Victims of the 7 July London bombings will start to receive interim payments within the next 10 days, the Criminal Injuries Compensation Authority says.
Mr Blair said he would look into reports of compensation delays
The board said in a statement it had received 180 applications so far.
"We are working hard to make sure that victims of these terrible bombings receive the compensation... as quickly as possible," it said.
Prime Minister Tony Blair said at the weekend he would investigate reports survivors had yet to receive any help.
A dedicated team has been set up to deal with claims from bomb victims.
The Criminal Injuries Compensation Authority (CICA) said that "immediately on receipt of applications", police reports and medical reports had been requested.
"We received the first batch of police reports last Thursday and are now in a position to begin offering interim payments to victims within the next 10 days," the statement said.
A spokeswoman added there was a £500,000 cap on compensation, and that interim payments would be dealt with on a case by case basis.
"If someone has a specific injury then we would probably be able to give them an interim payment that equates to their pain and suffering," she told BBC News.
"Then we would look at the longer term, considering things like loss of earning... and then they'll receive their final payment."
Some survivors have expressed anguish at the length of time they have had to wait to receive compensation, which would allow them to avoid financial hardship.
It is more than 11 weeks since the blasts, and many of the injured said at the weekend they were concerned they had not yet received any money.
After hearing of the reports, Mr Blair told the BBC's Sunday AM programme: "Given those stories that are there today I'll look into this obviously myself - but I'm sure that they'll make the payments as soon as they possibly can."
"The government should definitely help us," Martine Wright, 32, told the News of the World on Sunday.
Ms Wright, from London, had both legs amputated after the Aldgate Tube blast.
"I'm worrying about mortgages and things like that.
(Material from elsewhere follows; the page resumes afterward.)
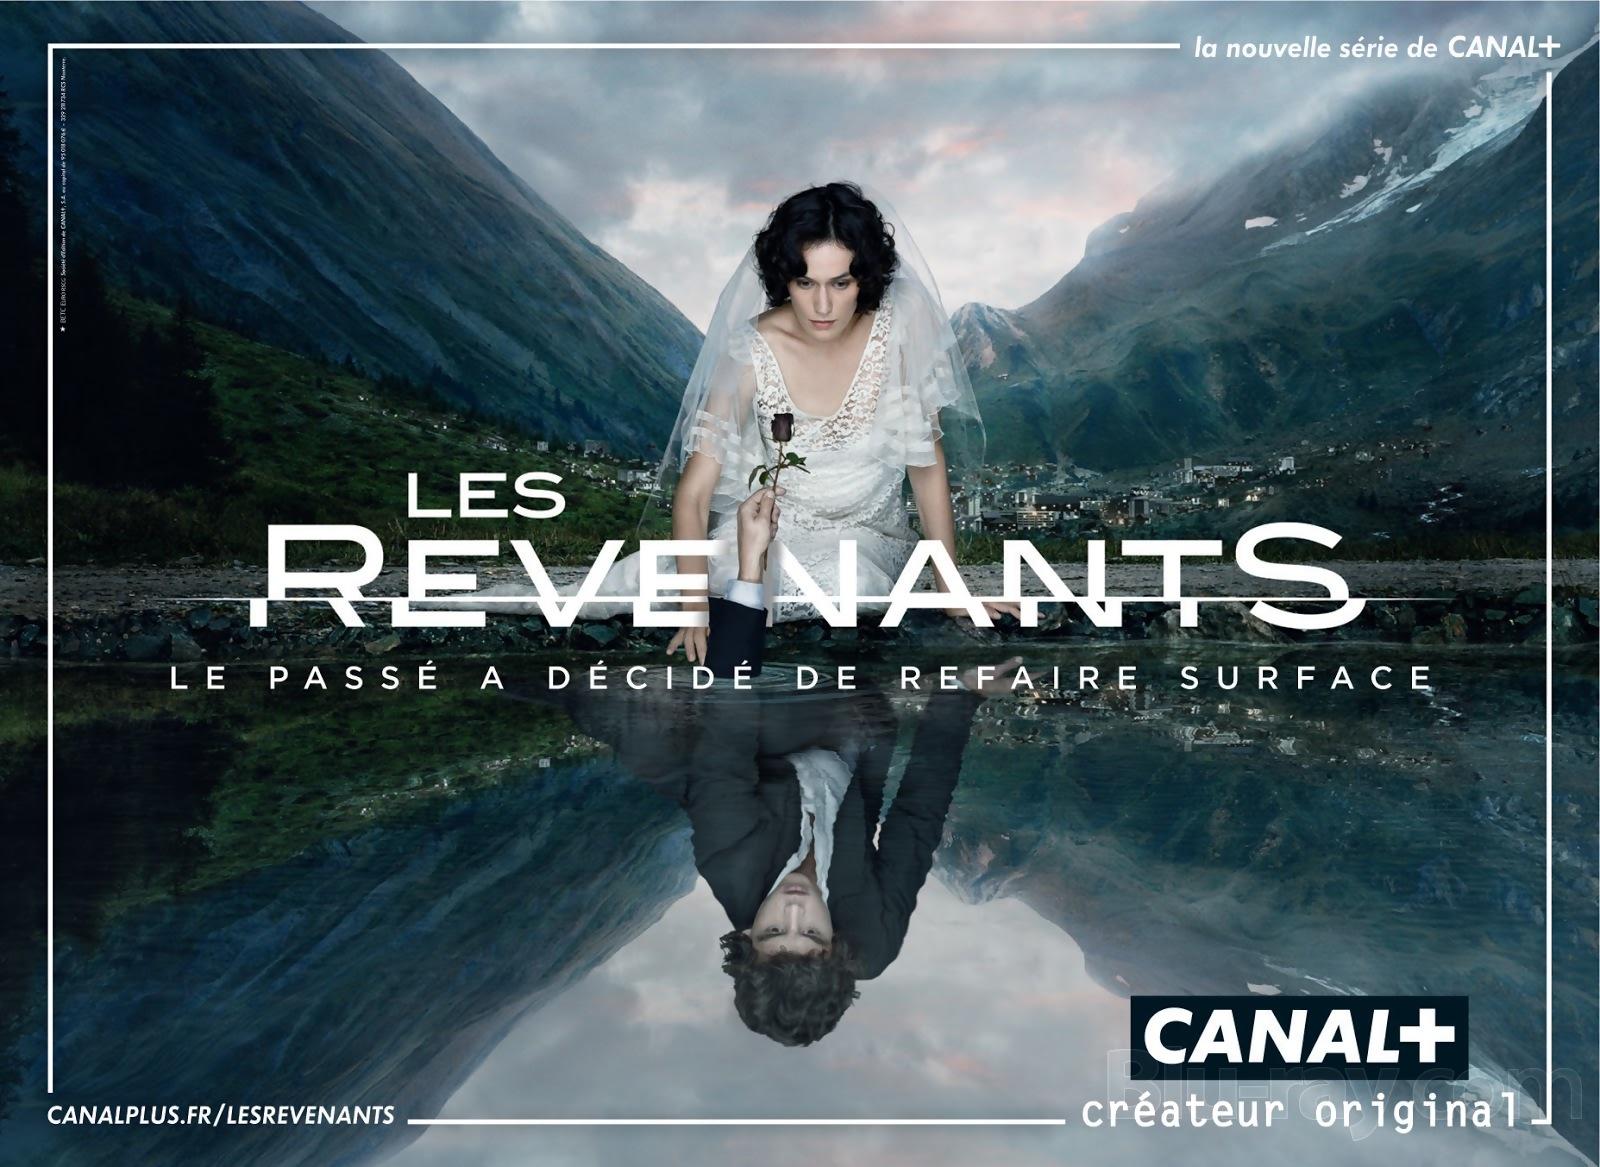 TV-Tipp: Les Revenants im WDR

I've enough to worry about at the moment with learning to walk again - this is an extra burden," she told the newspaper.
Some of the most badly injured in the Tube and bus blasts, like Ms Wright, are unable to work as normal and face an uncertain financial future.
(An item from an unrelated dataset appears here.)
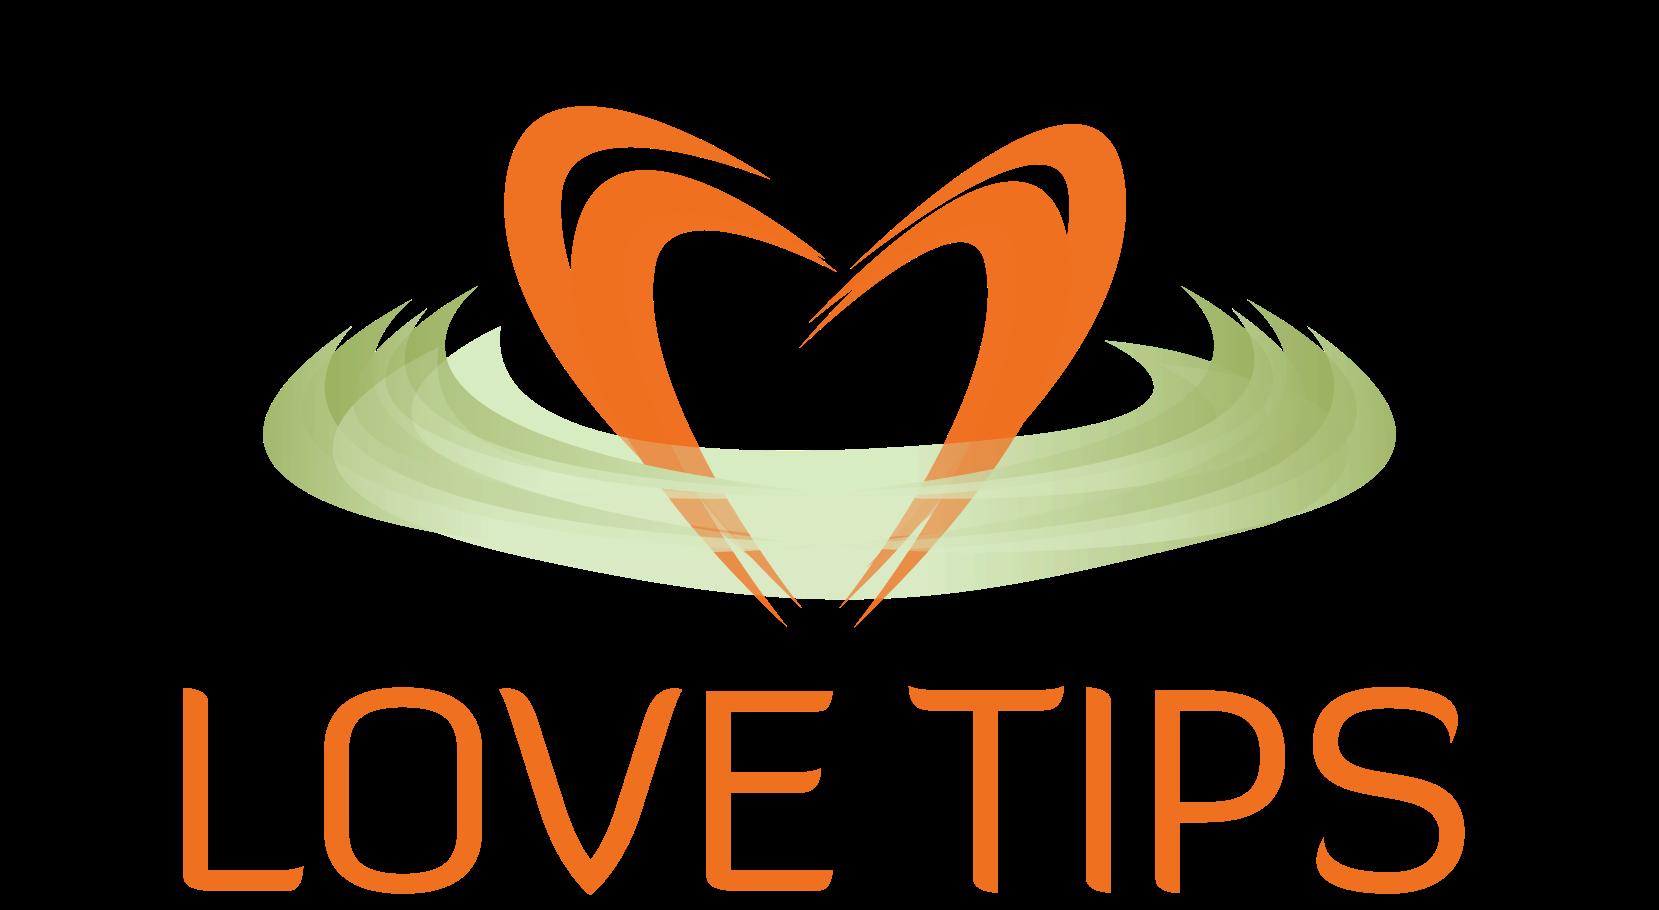 liefde tips logo png

Colin Ettinger, a lawyer representing 14 people affected by the bombings, said the compensation process usually took "a long time".
"The real problem is financial hardship, apart from the fact that they've got to put up with the injuries," he told BBC News.
"In the case of the fatalities, families have got to cope without their loved ones, which in some cases were the bread winners."
The £500,000 cap on payments would leave some families struggling in the long term, he added.